Deciding which data needs to be recovered first during a crisis can be tricky. But Snap-on's Biland points out that data and systems related to transactions and cash flow usually rise to the top of the list. "You have to take a cold, hard look at where the cash is being generated," he says. "For non-mission-critical systems, the recovery time is longer." At Snap-on, contingency plans provide for quick restoration of systems that accept orders; pick, pack, and ship products; and bill dealers. Noncritical systems such as decision-support and accounting applications that don't have a direct impact on customers are lower priority.

IT and business managers often see things differently when it comes to business-continuity planning. While nearly half of corporate managers say it's a collaborative venture, only a third of IT executives concur. "In a lot of cases, business management forgets they have to do anything," says Jamie Bachant, manager of corporate disaster-recovery services at Lockheed Martin Enterprise Information Systems, the Denver IT arm of Lockheed Martin Corp. "They assume that if the computer's up and running, everything is hunky-dory."

Bachant wants business managers to be more proactive in developing the contingency plans that directly affect their operations and in challenging solutions proposed by IT managers. For example, Bachant's team might suggest a plan that gets certain systems up and running within 72 hours of a disaster. "They say it's OK, when they really needed 24 hours," Bachant says. "It's a holdover from the glass-house days when people felt IT would take care of them." With that in mind, Bachant has asked top executives from each of Lockheed's five business units to work with his disaster-recovery team to keep management and IT in step with each other about the company's preparedness.

One way to boost collaboration between business managers and IT is to establish action groups that include both.
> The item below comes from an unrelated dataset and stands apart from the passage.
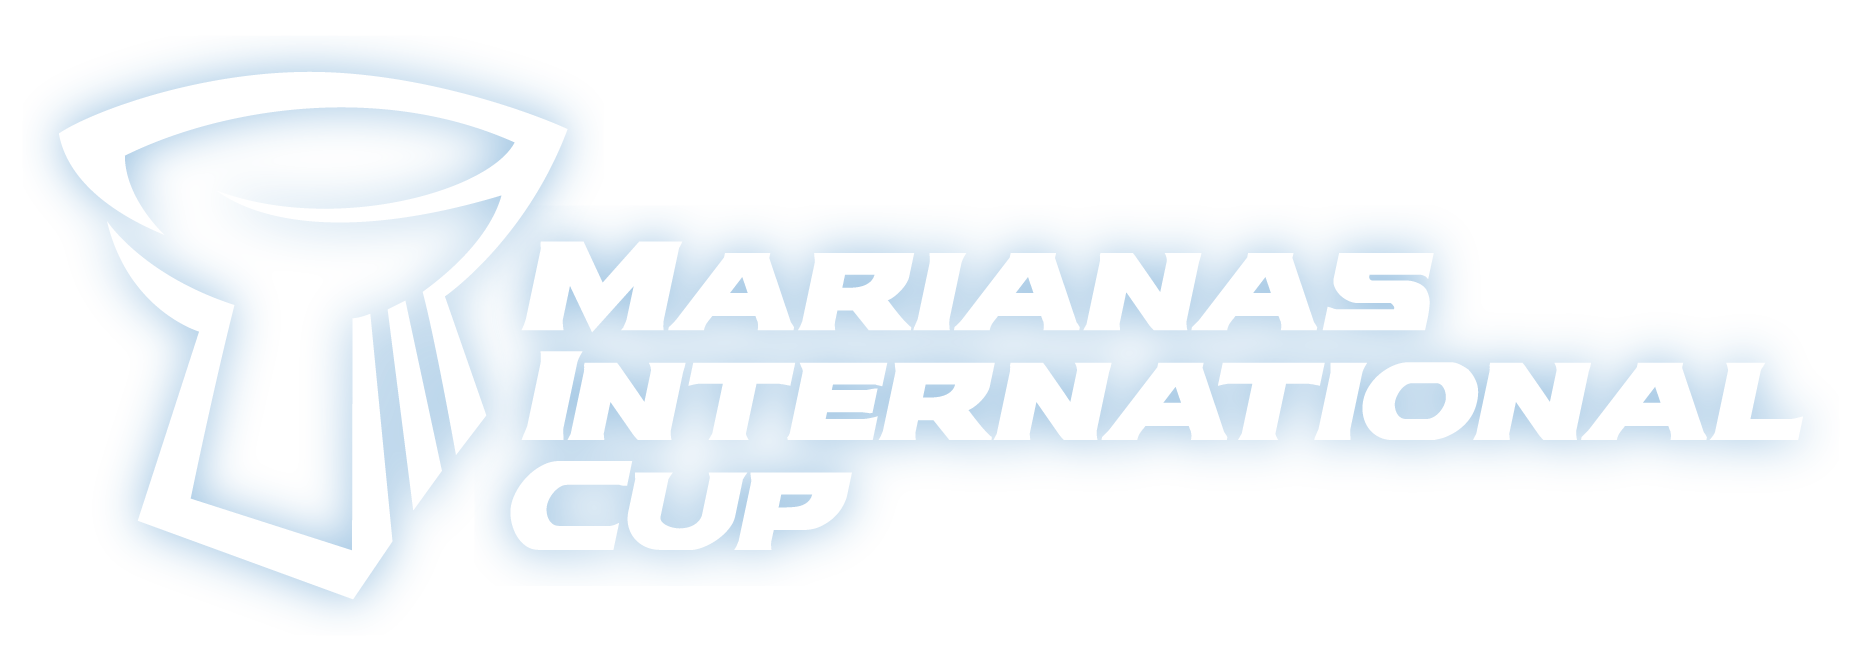 MARIANAS INTERNATIONAL CUP 2018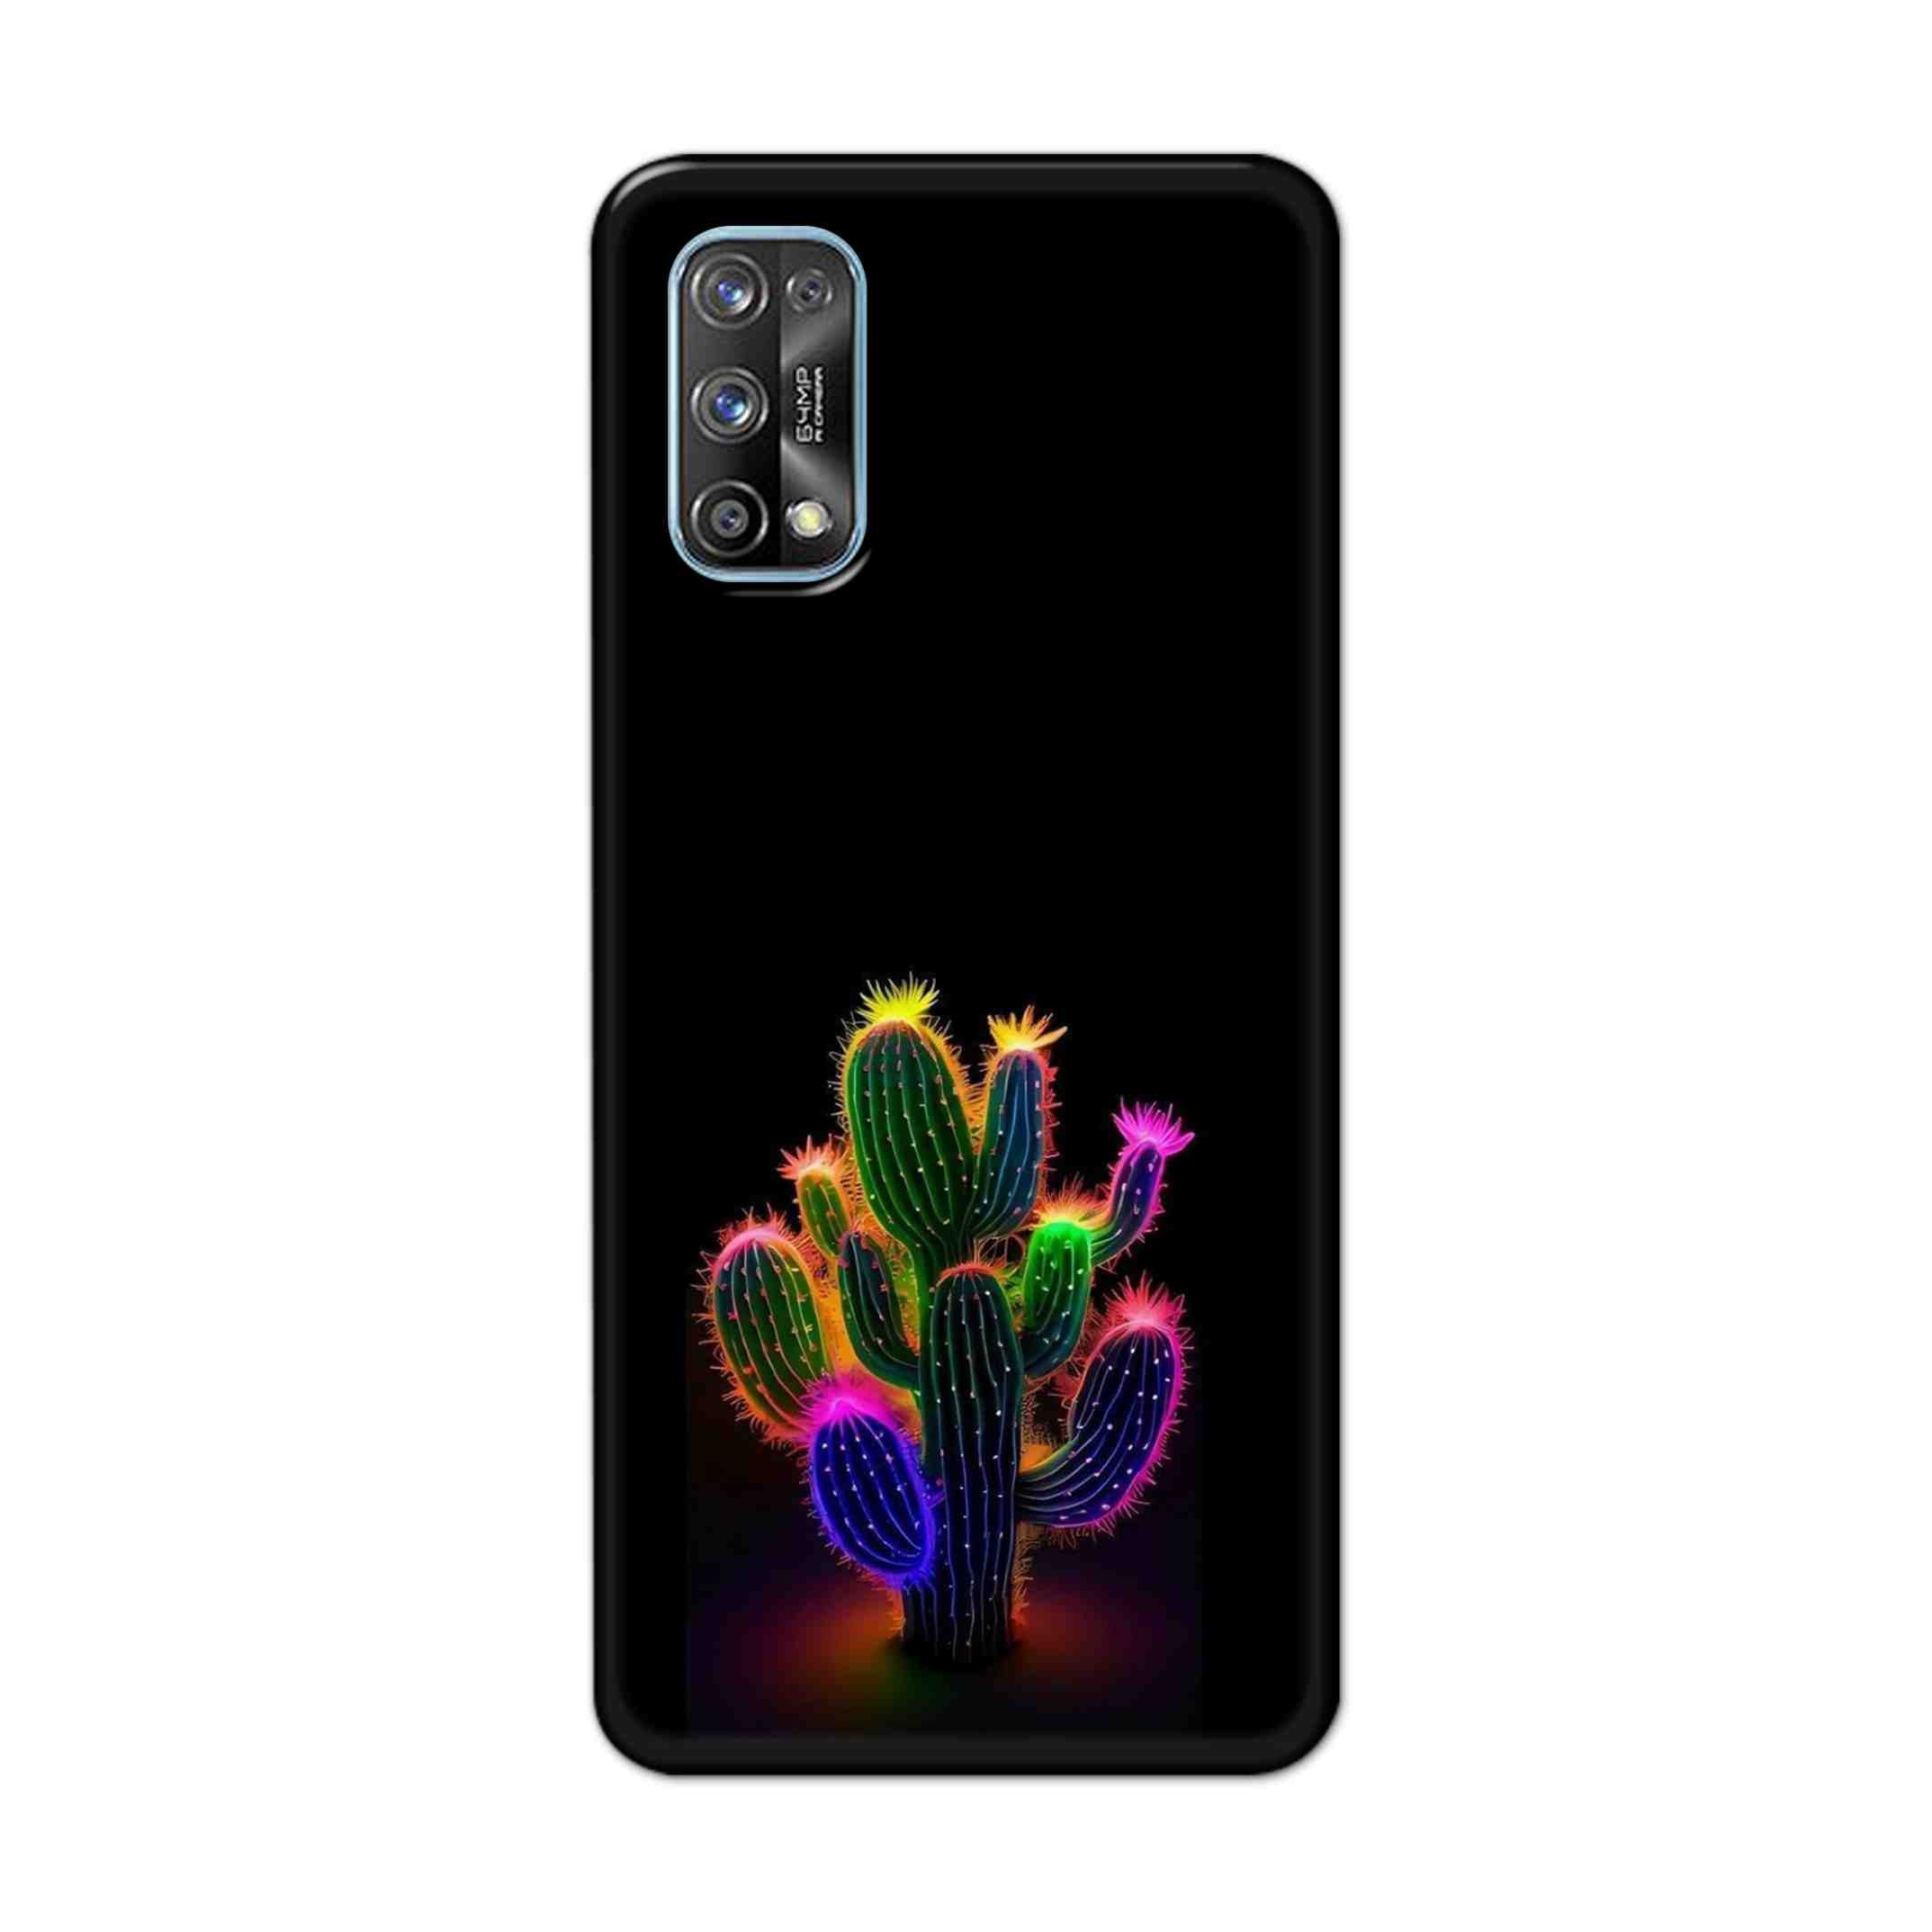 Buy Neon Flower Hard Back Mobile Phone Case Cover For Realme 7 Pro Online

The idea isn't new; a number of companies have grouped business managers with IT staffers to ensure IT systems deliver what the business needs. Yet, only 2% of the 250 companies surveyed say that a joint IT-business committee has ownership of their companies' continuity program.

Not everyone thinks the lack of a formal joint committee for such planning means there's no cooperation. One such company is Group Health Inc., the largest not-for-profit health insurer in New York, with 2.4 million subscribers and annual premiums of $1.6 billion.

Ownership, creation, and maintenance of Group Health's disaster-recovery program rests squarely with the IT department, but others are involved. Chief operating officer Donna Lynne determines the order in which systems will be restored in the event of an emergency. Assistant VP Art Louise, who oversees disaster recovery and facilities management for the insurer, meets at least every other week with the company's risk manager, Laura Wolf, to discuss business-continuity planning. All departments designate a middle manager to actively plan and participate in semiannual testing of the Manhattan company's disaster-recovery plan.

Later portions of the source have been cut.